Мениэр ван Дамм еще почивал. Он маялся бессонницей и засыпал только под утро. Поэтому до обеда в доме не звенел колокольчик, не звякала посуда и не говорили в полный голос. И все важные дела, которые полагалось делать в первой половине дня, брала на себя супруга хозяина.
Обычно она ходила по городу пешком, но склад торгового дома Ван Даммов был расположен в порту, поэтому распорядилась заложить коляску. Марта думала, что поедет с госпожой, но хозяйка велела тихонько дожидаться в спальне хозяина его пробуждения и прислуживать ему; сама села в экипаж и сказала: "поехали!" Подумала мимолетно: надо Марте купить новый воротничок. Этот, хоть и чистенький, но потерял белизну. Какие-нибудь скромные кружева будут уместны. И, возможно, недорогие жемчужные сережки.
Склад был открыт, и торговые представители нескольких компаний поджидали с образцами шелков. Сама Анна носила только черные платья с белыми манжетами, однако имела тонкий вкус и могла предугадать какие цвета и узоры будут выбирать модницы к новым пасхальным нарядам. Что разойдется на домашние платья, какие цены окажутся приемлемыми, сколько штук шелка стоит брать сразу, пока они не подорожали. Всего отобрала несколько десятков тканей: восемнадцать видов одного только черного шелка, четыре белого, остальное цветное и узорчатое для католичек, приезжих, блудниц и молоденьких женщин, которых баловали отцы и мужья.
Ей с поклоном вручили мешочек с образцами шелков, куда она вложила собственную запись. Велела немедленно доставить товар и прибыть к мениэру ван Дамму не позднее пятницы за подписью и деньгами.
Три часа упорного труда вызвали головную боль и тошноту. Она ехала домой и думала, что после обеда еще должна наведаться в дом престарелых, где была попечительницей, проверить там счета за починку крыши, потом в светлые предвечерние часы позировать художнику для официального портрета попечительниц, а после на совете регентш разбирать жалобу неугомонной Берты Мюссерт. Саму Берту приняли в заведение полгода назад по ходатайству Анны. Она была сварлива и неуживчива. Ссорилась с соседями, дерзила управительнице. А теперь вообще - неслыханное дело - подала жалобу в совет попечительниц.
Обед прошел очень приятно. Петер был оживлен и любезен, и даже цвет лица его порадовал Анну, он был не так бледен, как обычно. «Все-таки славная девушка Марта, - сказала себе госпожа ван Дамм. - Верно понимает свой долг, преданно служит дому, который приютил ее. Как бы не забыть: воротничок и сережки!».
Не вдаваясь в детали, она рассказала, как выбирала в порту товар на следующий год, и муж был благодарен и растроган, просил прилечь отдохнуть и даже не завершив обеда встал и нежно поцеловал ее в лоб. Отдыхать, конечно, не было времени, но суп из крабов и ракушек удался кухарке как никогда. Головная боль унялась, и, отобедав, господа ван Дамм вышли на улицу рука об руку. У ратуши супруги простились: мениэр ван Дамм поклонился жене и вошел в тяжелую дверь, отворенную перед ним стражником, а мефрау, сделав мужу книксен, отправилась на улицу Грот Хелигланд. По дороге думала, что другие обитатели приюта благодарны за кров и еду, покой и тишину, благоухание жасмина весной и дрова для печурки зимой. А Берта не знает ни смирения, ни благодарности.
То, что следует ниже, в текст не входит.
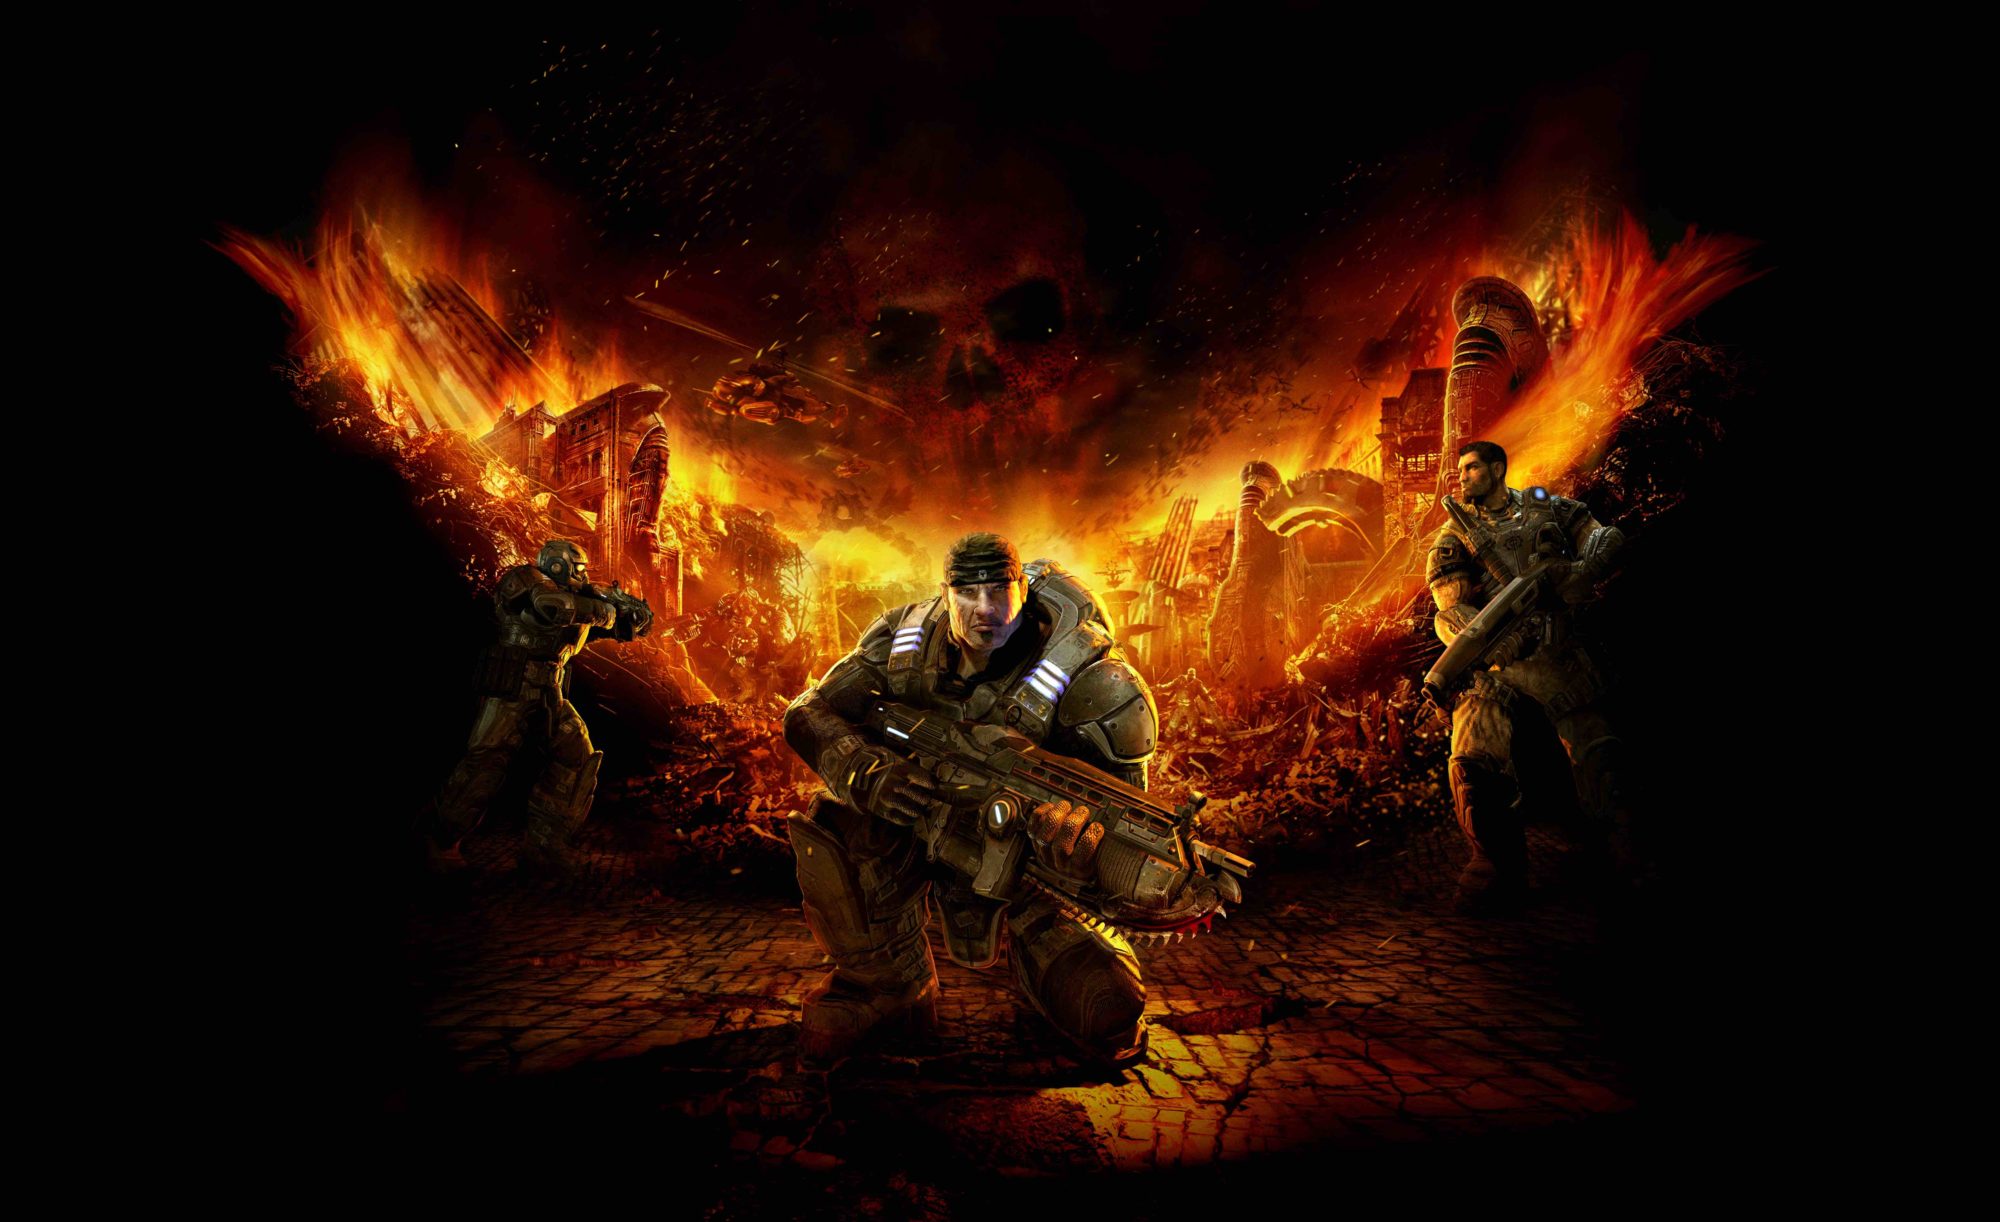 GearsofWar KeyArt - Gears of War : le légendaire jeu video adapté par Jon Spaihts dans un film en live action prochainement sur Netflix

И как в воду глядела - фрау Мюссерт ждала за воротами. Присела небрежно и сразу начала жаловаться. Анна шла через двор ко входу в комнату регентов и слушала, что Берте не нравится каша, что мясо жилистое, а рыбы почти не дают, что подушка ее порвалась, и перья вылезают, дров недостаточно, колени ломит и печка дымит. Наконец у дверей она подняла ладонь, заставив старуху замолчать: «Вам не нравится то, что стряпают на нашей кухне. А вы знаете, что в Лейдене старикам предоставляют только кров? Они должны просить подаяние, чтобы сварить себе кашу. А у нас приход святого Бавона взял на себя оплату вашей еды. Молитесь усерднее! Если пожертвований будет больше, вы получите персики и шоколад.»
- Не смей насмехаться, Анна! - прошипела Берта. - Я терплю твою заносчивость сорок лет. Думаешь, если ты меня устроила в эту богадельню, то можешь издеваться над моей бедой? Сегодня ты перегнула палку. Поглядим, кто будет смеяться, когда на совете регентш я расскажу, кто ты такая.
- Я дочь честного булочника - тут нечего стыдиться. Меня выдали за приказчика из лавки, и мы с ним трудились все сорок лет без передышки. Сегодня он богатый человек и заседает в ратуше. А ты всю жизнь жалуешься, клянчишь и завидуешь. Взяла бы да зашила дырку в наволочке. Или давай я зашью, мне не трудно. Хорошо, что папа не видит, в кого превратилась его старшая.
- Ну, раз нечего стыдиться, то и отлично. Встретимся на совете, сестрица! Посмотрим, что скажут почтенные дамы из старинных купеческих родов о нашем родстве. - И Берта, резко повернувшись, пошла прочь.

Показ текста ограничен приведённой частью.